ABOUT THIS EXERCISE: Your job is to print, exactly, the lines in the data below from the line with "eye_black_right.stl Download free" through the line with "Blusinha Plus Size", both included, and to omit any picture.

MATERIAL TO PROCESS:

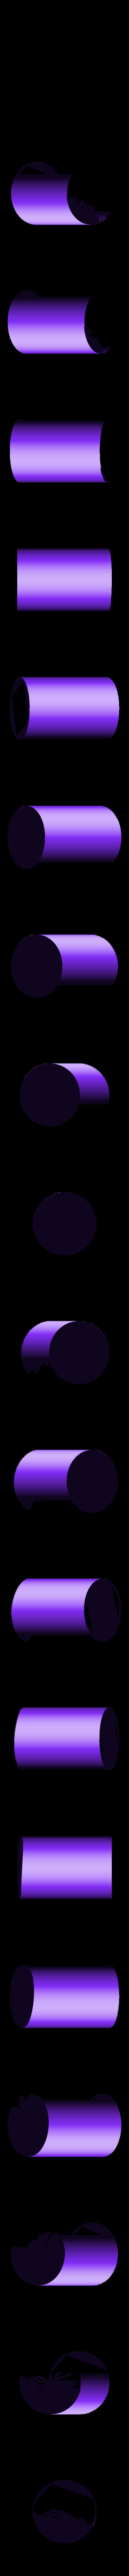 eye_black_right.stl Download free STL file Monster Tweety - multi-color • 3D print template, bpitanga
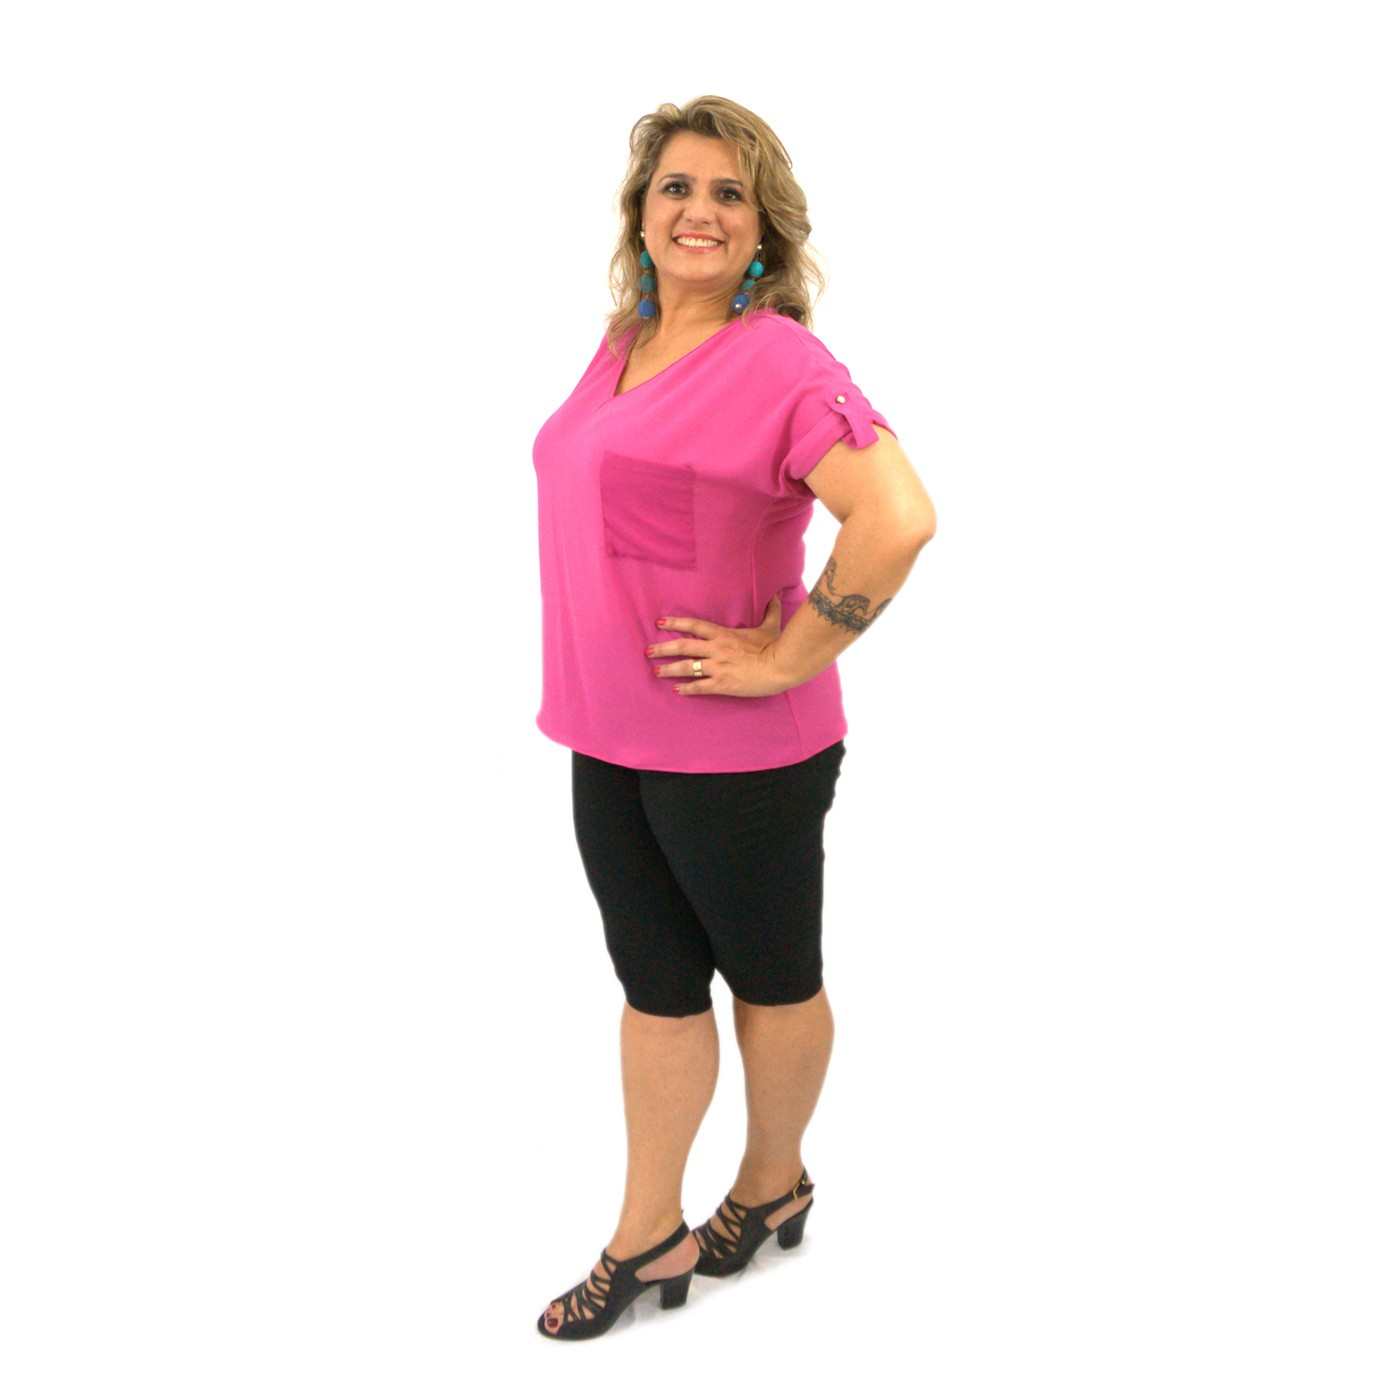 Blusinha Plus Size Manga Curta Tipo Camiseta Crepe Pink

* * *

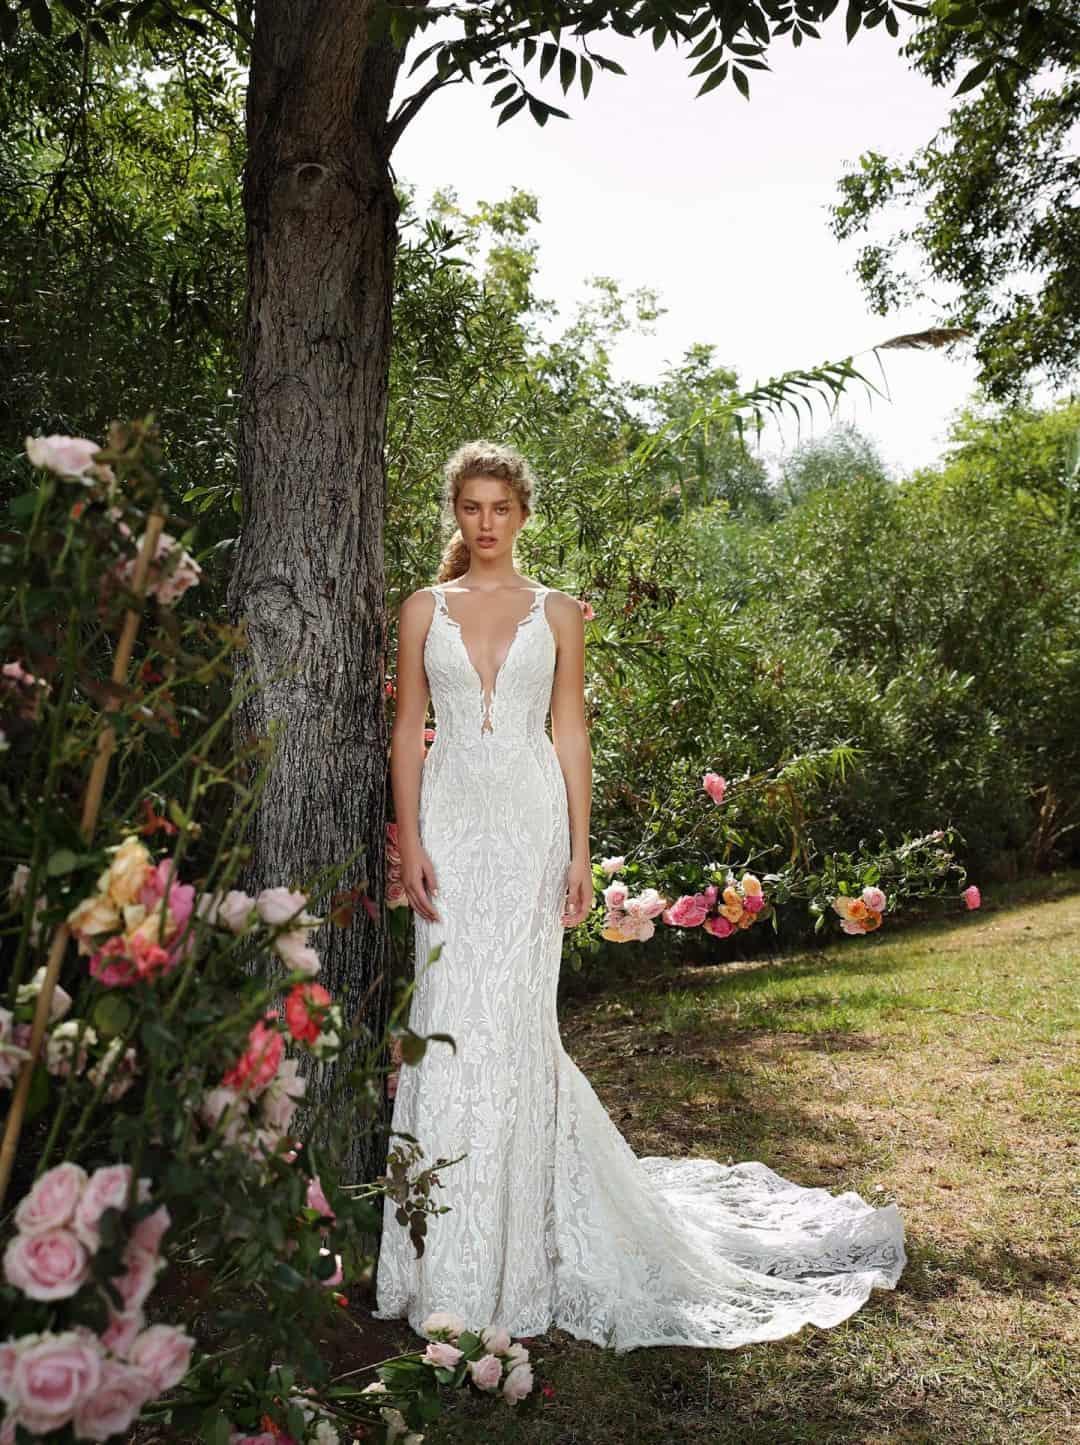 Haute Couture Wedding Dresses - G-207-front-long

* * *

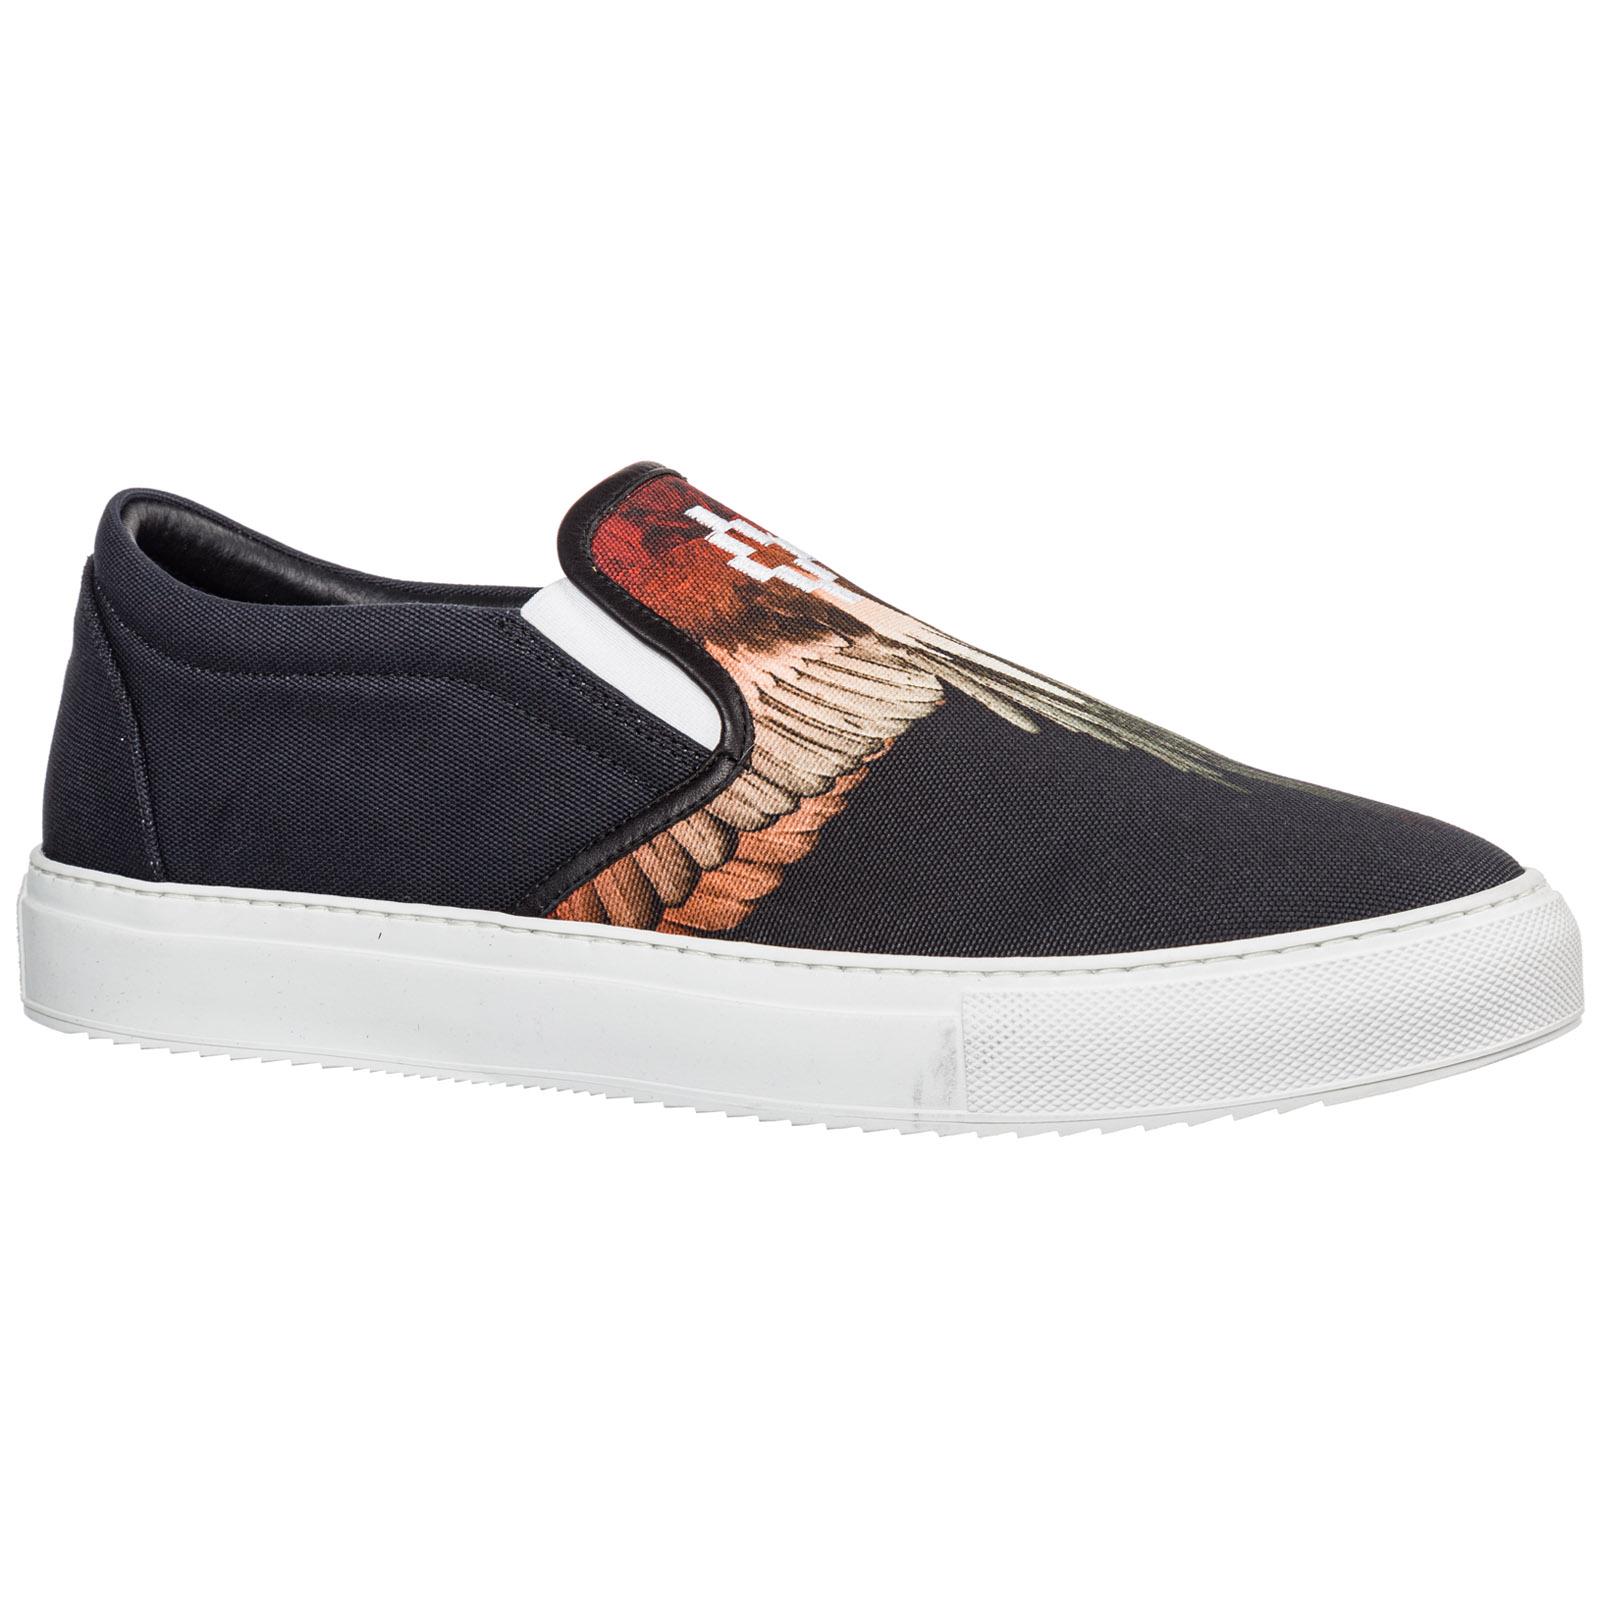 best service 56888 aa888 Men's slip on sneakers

SOLVED PROBLEM:
 eye_black_right.stl Download free STL file Monster Tweety - multi-color • 3D print template, bpitanga
 Blusinha Plus Size Manga Curta Tipo Camiseta Crepe Pink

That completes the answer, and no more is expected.